The only reason other decision theories know they're not in the simulation is because the problem explicitly states that a TDT agent is simulated, which means it can't be them.

That's false. Here is a modified version of the problem:

Omega presents the usual two boxes A and B and announces the following. "Before you entered the room, I ran a simulation of Newcomb's problem as presented to you. If your simulated twin 2-boxed then I put nothing in Box B. If your simulated twin 1-boxed, I put $1 million in Box B. In any case, I put $1000 in Box A. Now please 1-box or 2-box."

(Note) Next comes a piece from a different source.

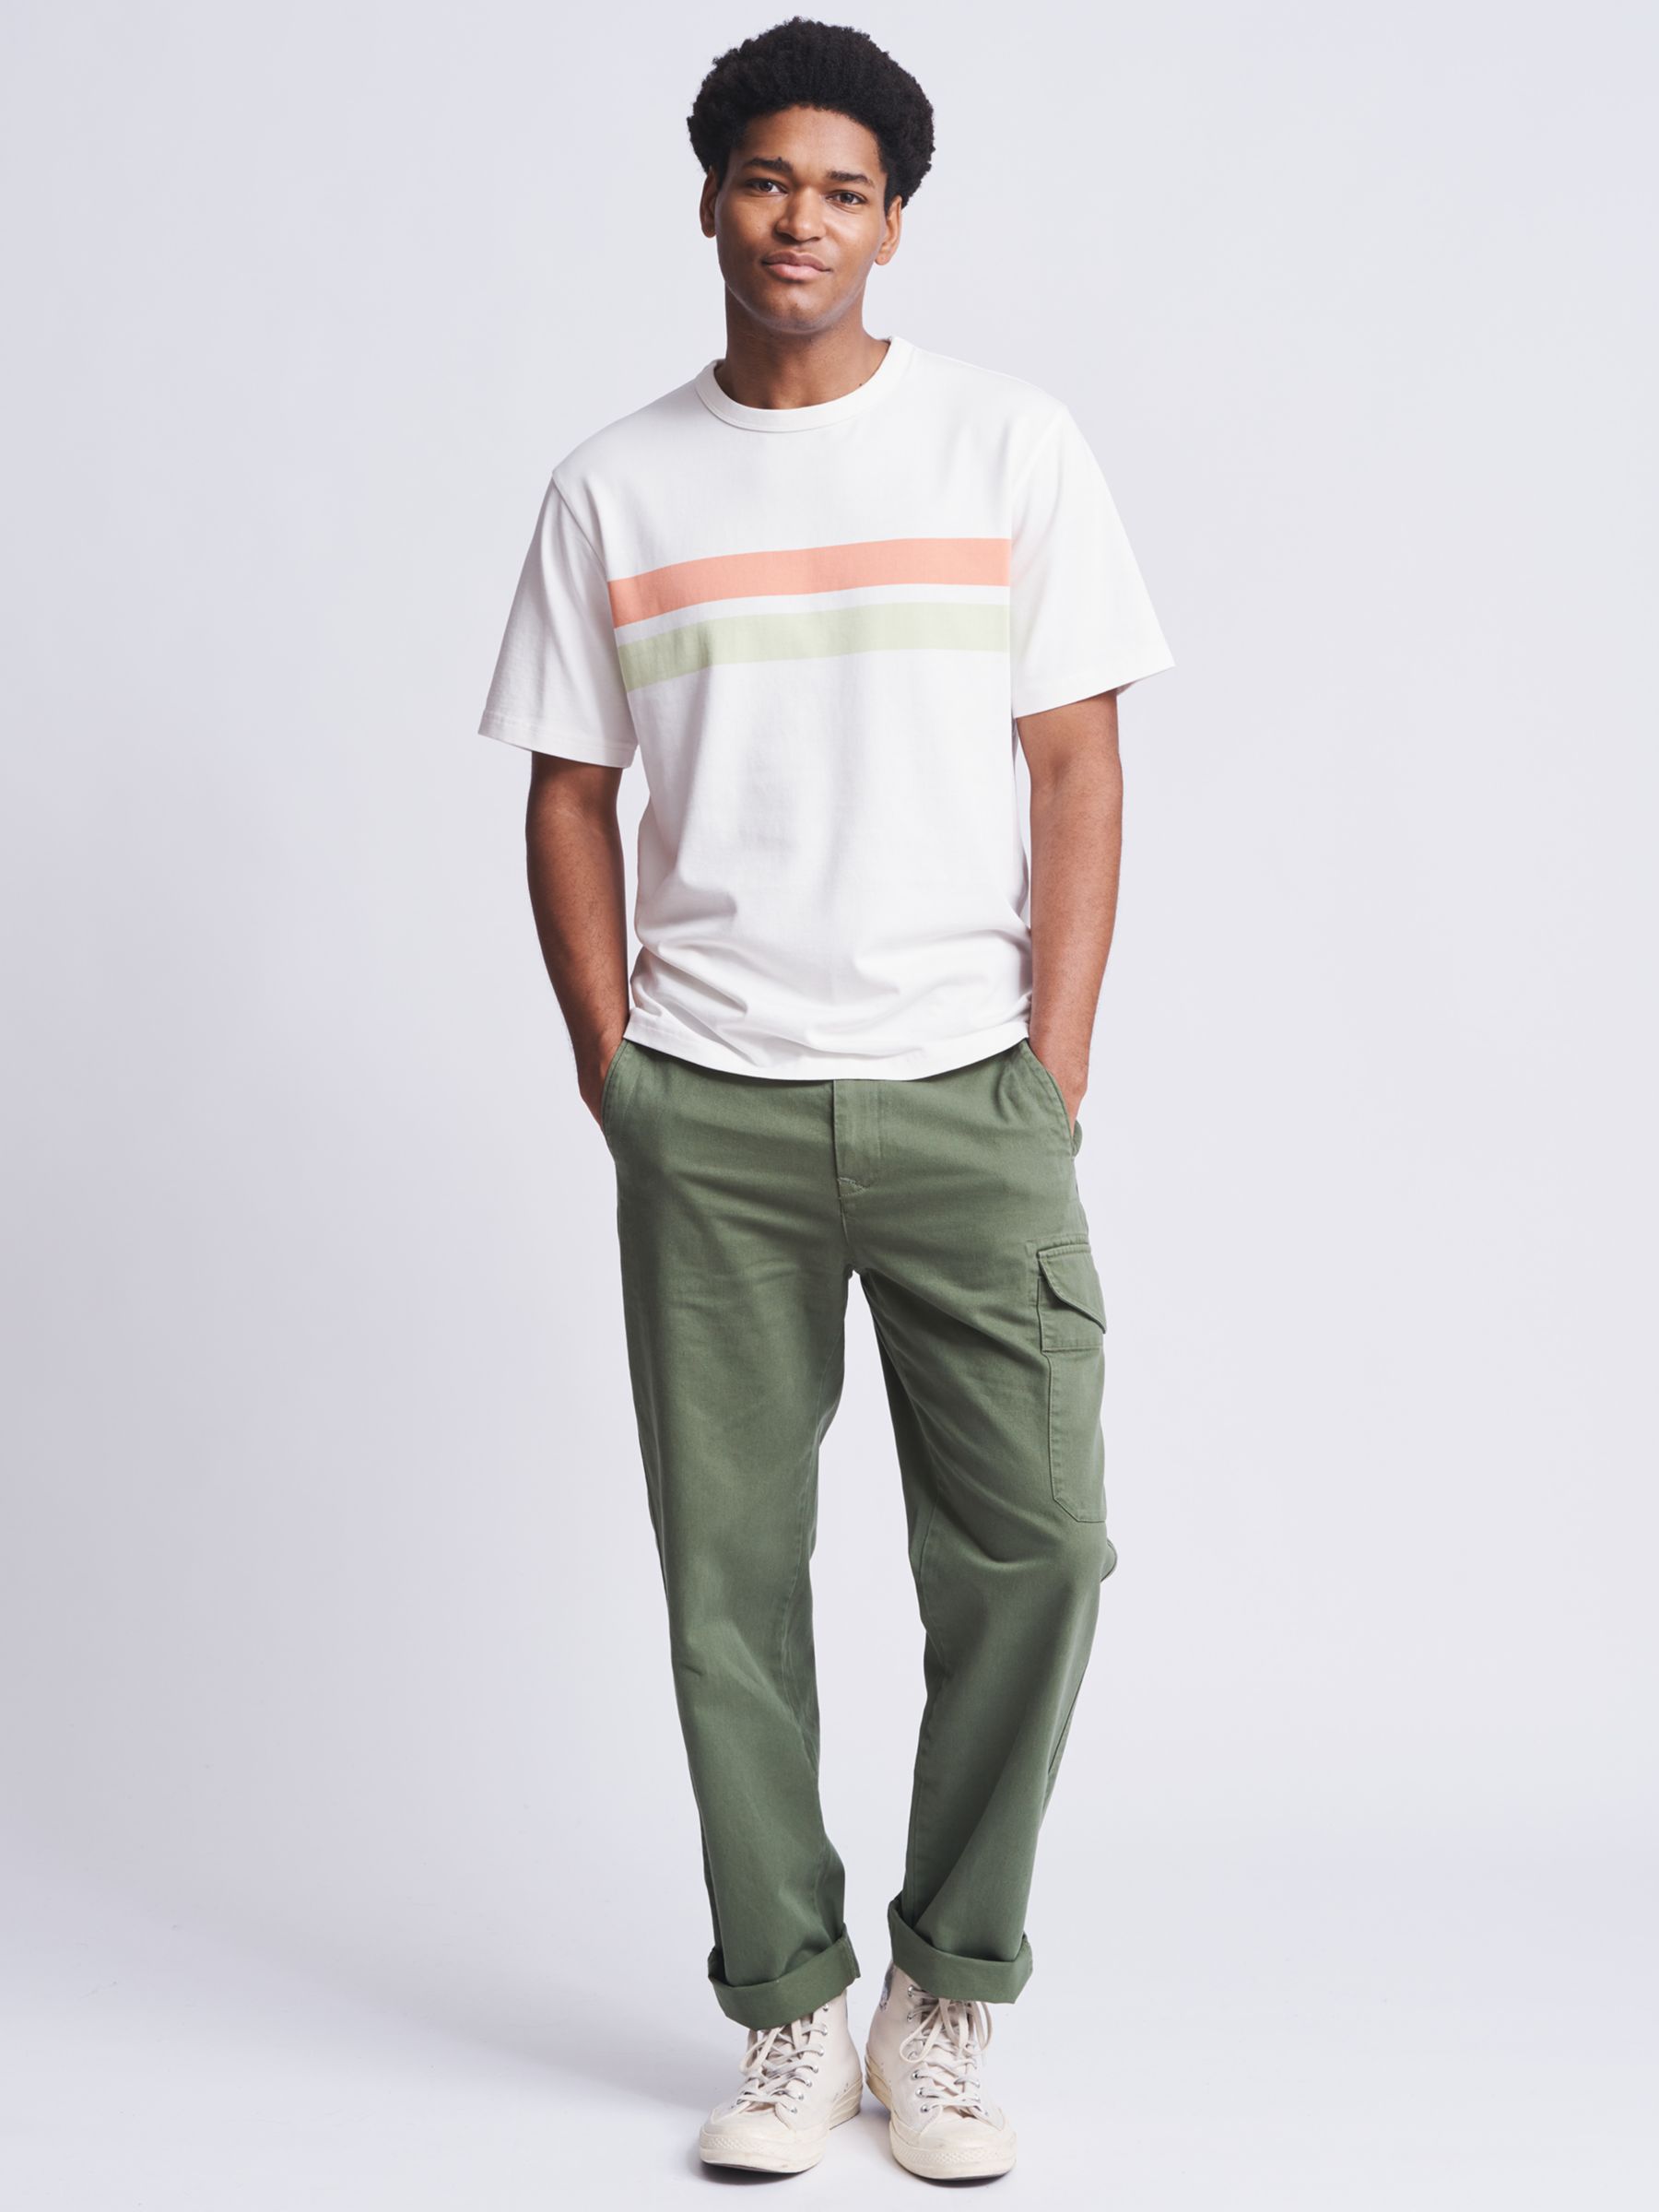 Aubin Santon Relaxed Cotton T-Shirt, Ecru Stripe, S

Even if you're not running TDT, the simulated agent is running the same decision algorithm as you are. If that was the reason why TDT couldn't tell the difference, well, now no one can. However you and I can make the difference. The simulated problem is obviously different:

Omega presents the usual two boxes A and B and announces the following. "I am subjecting you to Newcomb's problem. Now please 1-box or 2-box".

Really, the subjective difference between the two problems should be obvious to any remotely rational agent.

(Please let me know if you agree up until that point. Below, I assume you do.)

I'm pretty sure the correct answers for the two problems (my modified version as well as the original one) are 1-box in the simulation, 2-box in the real problem. (Do you still agree?)

So. We both agree that RDT (Rational Decision Theory) 1-boxes in the simulation, and 2-boxes in the real problem. CDT would 2-box in both, and TDT would 1-box in the simulation while in the real problem it would…

  • 2-box? I think so.
  • 1-box? Supposedly because it can't tell simulation from reality. Or rather, it can't tell the difference between Newcomb's problem and the actual problem. Even though RDT does. (riiight?) So again, I must ask, why not? I need a more specific answer than "due to how the problem is set up". I need you to tell me what specific kind of irrationality TDT is committing here. I need to know its specific blind spot.
Comment author: lackofcheese 24 June 2012 11:04:10PM *  1 point [-]

In your problem, TDT does indeed 2-box, but it's quite a different problem from the original one. Here's the main difference:

I ran a simulation of this problem

vs

I ran a simulation of Newcomb's problem

Comment author: APMason 24 June 2012 08:59:33PM 0 points [-]

Well, in the problem you present here TDT would 2-box, but you've avoided the hard part of the problem from the OP, in which there is no way to tell whether you're in the simulation or not (or at least there is no way for the simulated you to tell), unless you're running some algorithm other than TDT.

Comment author: MugaSofer 25 December 2012 03:53:04PM *  -1 points [-]

The simulated agent and yourself were not subjected to the same problem.

Um, yes, they were. That's the whole point.

Comment author: loup-vaillant 31 December 2012 07:40:07PM 0 points [-]

I'll need to write a full discussion post about that at some point. There is one crucial difference besides "I'm TDT" and "I'm CDT". It's "The simulated agent uses the same decision theory" and "The simulated agent does not use the same decision theory".

That's not exactly the same problem, and I think that is the whole point.